Thanks to the folks that answered my "sovereign citizen" query.

Best regards.

Acesfull

----------


## CPUd

http://www.sog.unc.edu/sites/www.sog...Crowell%29.pdf

----------


## acesfull

> http://www.sog.unc.edu/sites/www.sog...Crowell%29.pdf


Government propaganda at it finest... 

Do you think the law enforcement community and municipal kangaroo courts admire the believes of "Constitutionalists"? Hell no,
They tend to label all patriots in an evil matter so as to masquerade under color of law, their law, their statutes, their ordinances and anyone that objects to their law, statutes, ordinances, gets a label...   Today if one exercises his/her common law rights one is considered anti-government or a rebel sociopath with no regards to law and order... This is not always the truth..

Standing up for ones rights only make one an " American".. 

My .02

Acesfull

----------


## KCIndy

A "Sovereign" is someone who has ultimate authority over himself.  In other words, he is unowned by anyone or anything.

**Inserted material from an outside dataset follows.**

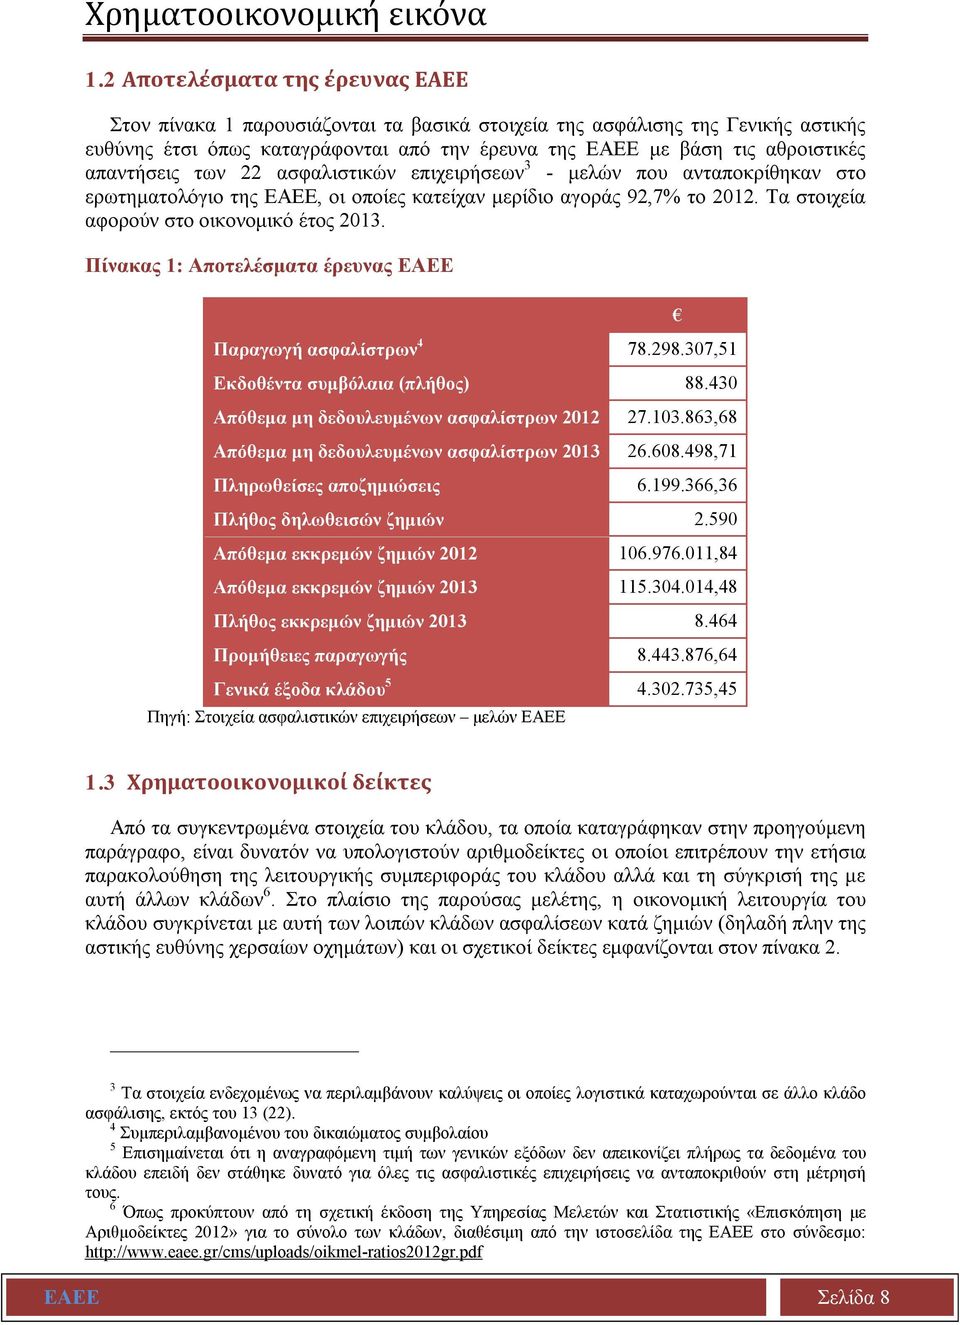 απαντήσεις των 22 ασφαλιστικών επιχειρήσεων 3 - μελών που ανταποκρίθηκαν στο ερωτηματολόγιο της ΕΑΕΕ, οι οποίες κατείχαν μερίδιο αγοράς 92,7% το 2012. Τα στοιχεία αφορούν στο οικονομικό έτος 2013.

A "citizen" is usually expected to surrender some rights/freedoms to the "greater authority" of which he is a part, even if said citizen has not agreed to do so.  See "social contract" theory.

Claiming to be a "sovereign citizen" is, to my mind, like claiming to be an "independent slave."

----------


## mrsat_98

Bull $#@!e' a sovereign is someone who has read Louisiana Revised Statutes 14:390 et. seq. and will use it.

----------


## CPUd



----------


## DP714

I agree with the principle of every human being a sovereign but whoever keeps teaching these people about whatever laws/legal code they always cite in these confrontations is doing them a severe injustice. What the law was at some point or what it was intended to be doesn't really matter unless the modern courts and law enforcement agencies recognize it as that. As of right now, they most certainly do not. None of this "sovereign legalese" will help anyone against the modern state (and I do admit that I don't understand what they're talking about at all) and it will just lead to unnecessary suffering for them. If theirs is a more superior and moral understanding of the law than the current state of the law, then hopefully it does prevail in the long run. It will not happen overnight, and asserting it right now will not magically make it happen. Again, I agree with the overall philosophy underlying the "sovereign legalese" and have no objections to her resisting in the manner she did, or even if she took it further in that regard. But idk..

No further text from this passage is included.